ECLI:NL:HR:2008:BE7451
Hoge Raad
- Cassatie
- J.B. Fleers
- O. de Savornin Lohman
- A.M.J. van Buchem-Spapens
- A. Hammerstein
- F.B. Bakels
- E.J. Numann
- Rechtspraak.nl
Faillissementsrecht en de strekking van de afkoelingsperiode bij bodembeslag
In deze zaak heeft de Hoge Raad op 17 oktober 2008 uitspraak gedaan in een cassatieprocedure tussen de Ontvanger van de Belastingdienst en Singulus Technologies A.G. De zaak betreft de vraag of een bodembeslag dat door de Ontvanger is gelegd op geleasede machines, kan worden tegengeworpen aan Singulus, die de machines voor de beslaglegging heeft opgeëist. De feiten van de zaak zijn als volgt: Singulus had de Ontvanger gedagvaard om te verklaren dat het beslag niet aan haar kon worden tegengeworpen en om de Ontvanger te veroordelen tot teruggave van een bankgarantie. De rechtbank Amsterdam wees de vordering van Singulus af, maar het gerechtshof te Amsterdam vernietigde dit vonnis en wees de vordering alsnog toe. De Ontvanger ging in cassatie tegen het arrest van het hof.
De Hoge Raad overweegt dat de afkoelingsperiode, die op 20 februari 2003 door de rechtbank is afgekondigd, bedoeld is om de curator of bewindvoerder de tijd te geven om te bepalen welke goederen in de boedel vallen. Tijdens deze periode kan de bevoegdheid van derden om verhaal te nemen op de boedel niet zonder machtiging van de rechter-commissaris worden uitgeoefend. De Hoge Raad concludeert dat het bodembeslag dat door de Ontvanger is gelegd tijdens de afkoelingsperiode, niet kan worden tegengeworpen aan Singulus, die de machines tijdig heeft opgeëist. De Hoge Raad verwerpt het cassatieberoep van de Ontvanger en veroordeelt deze in de proceskosten van Singulus.
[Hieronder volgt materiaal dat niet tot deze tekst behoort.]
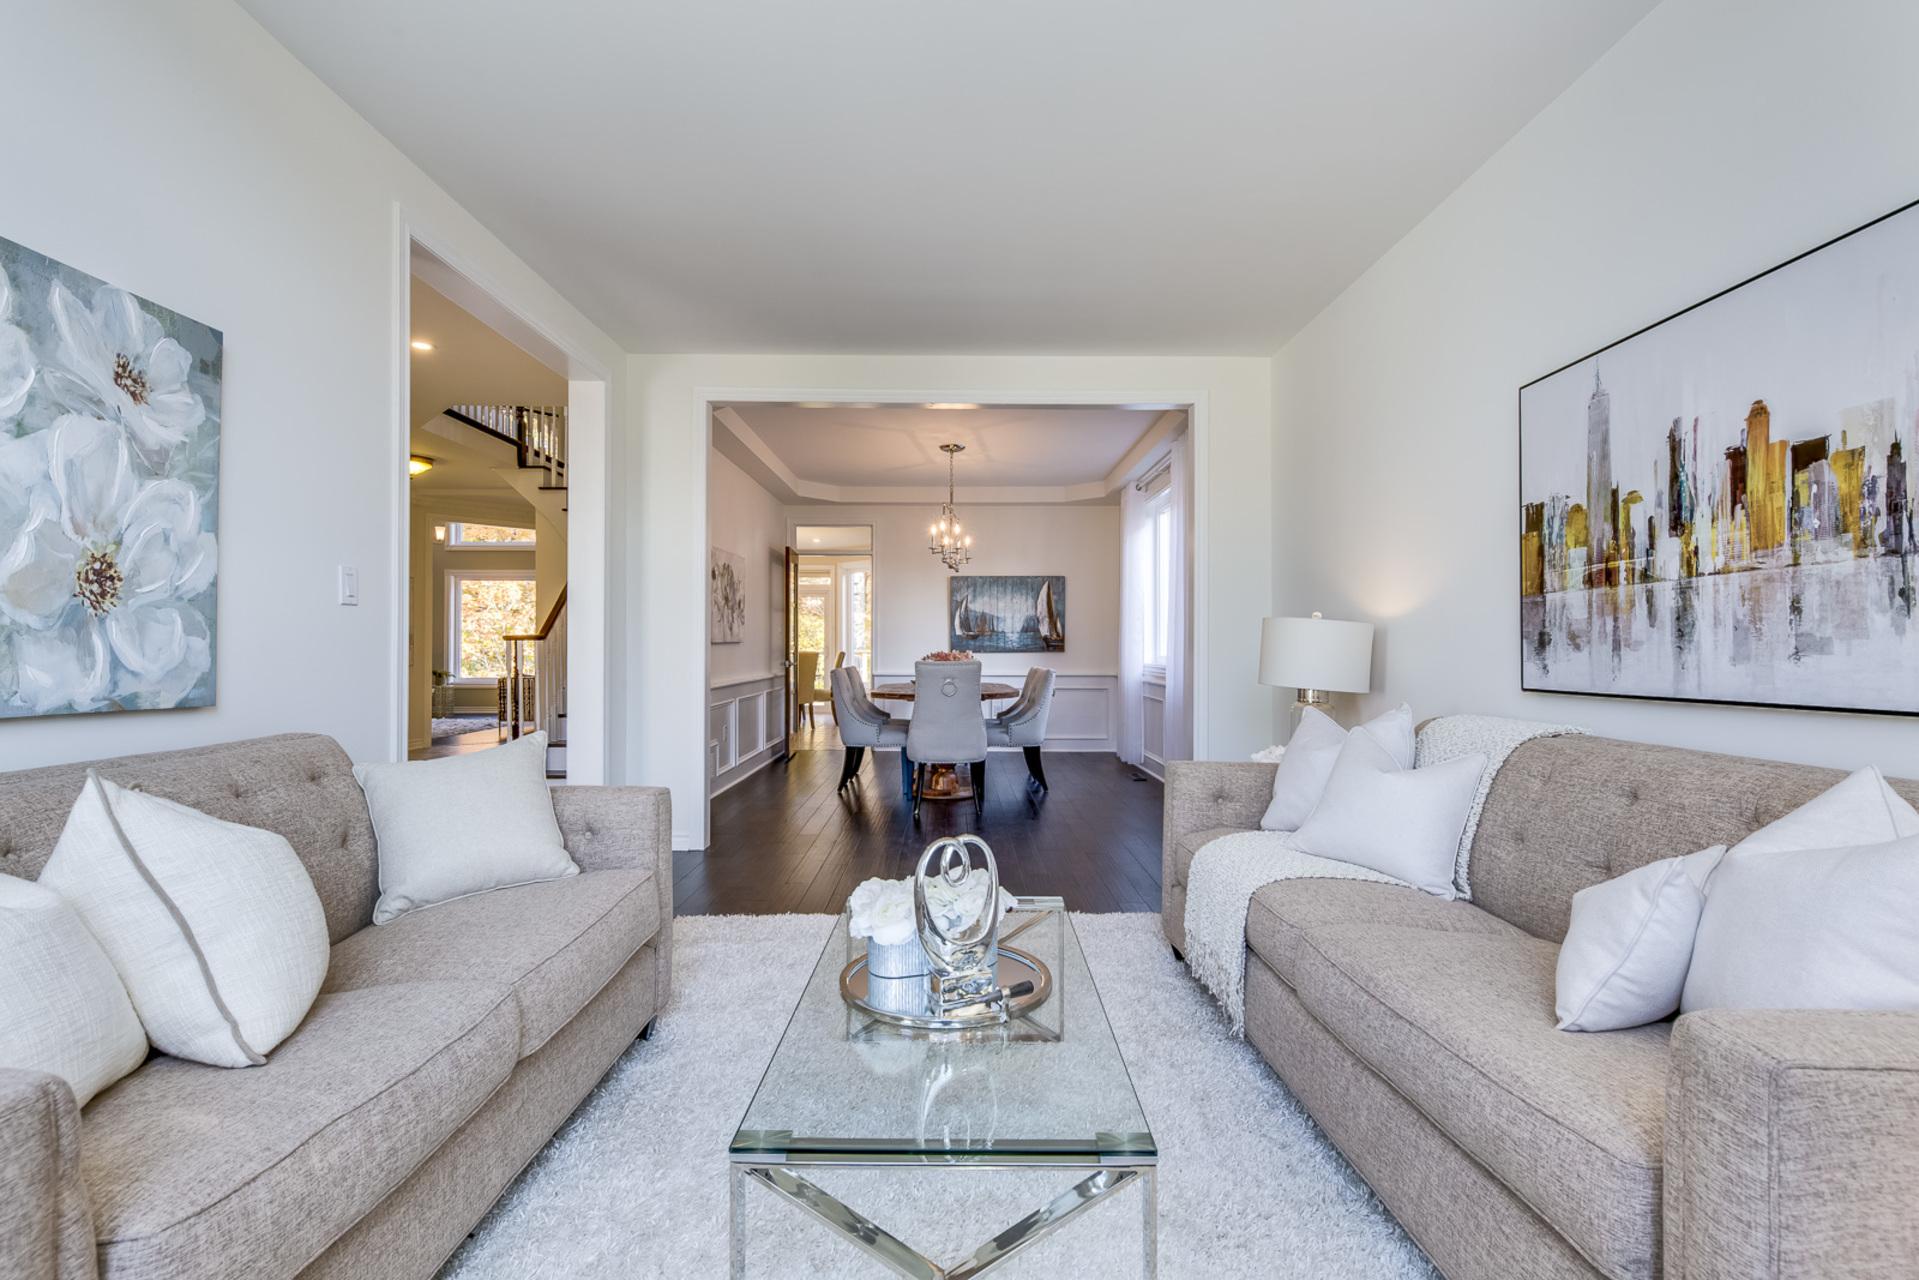 Living Room - 1806 Glenvista Dr, Oakville - Elite3 & Team at  Glenvista Drive, Iroquois Ridge North, Oakville

Deze uitspraak benadrukt de bescherming van de rechten van lessors tijdens een afkoelingsperiode en de noodzaak voor schuldeisers om rekening te houden met de wettelijke bepalingen die de positie van de curator en de bewindvoerder waarborgen. De uitspraak heeft belangrijke implicaties voor de toepassing van de Faillissementswet en de Invorderingswet, vooral in situaties waarin bodembeslag wordt gelegd op goederen die niet aan de schuldenaar toebehoren.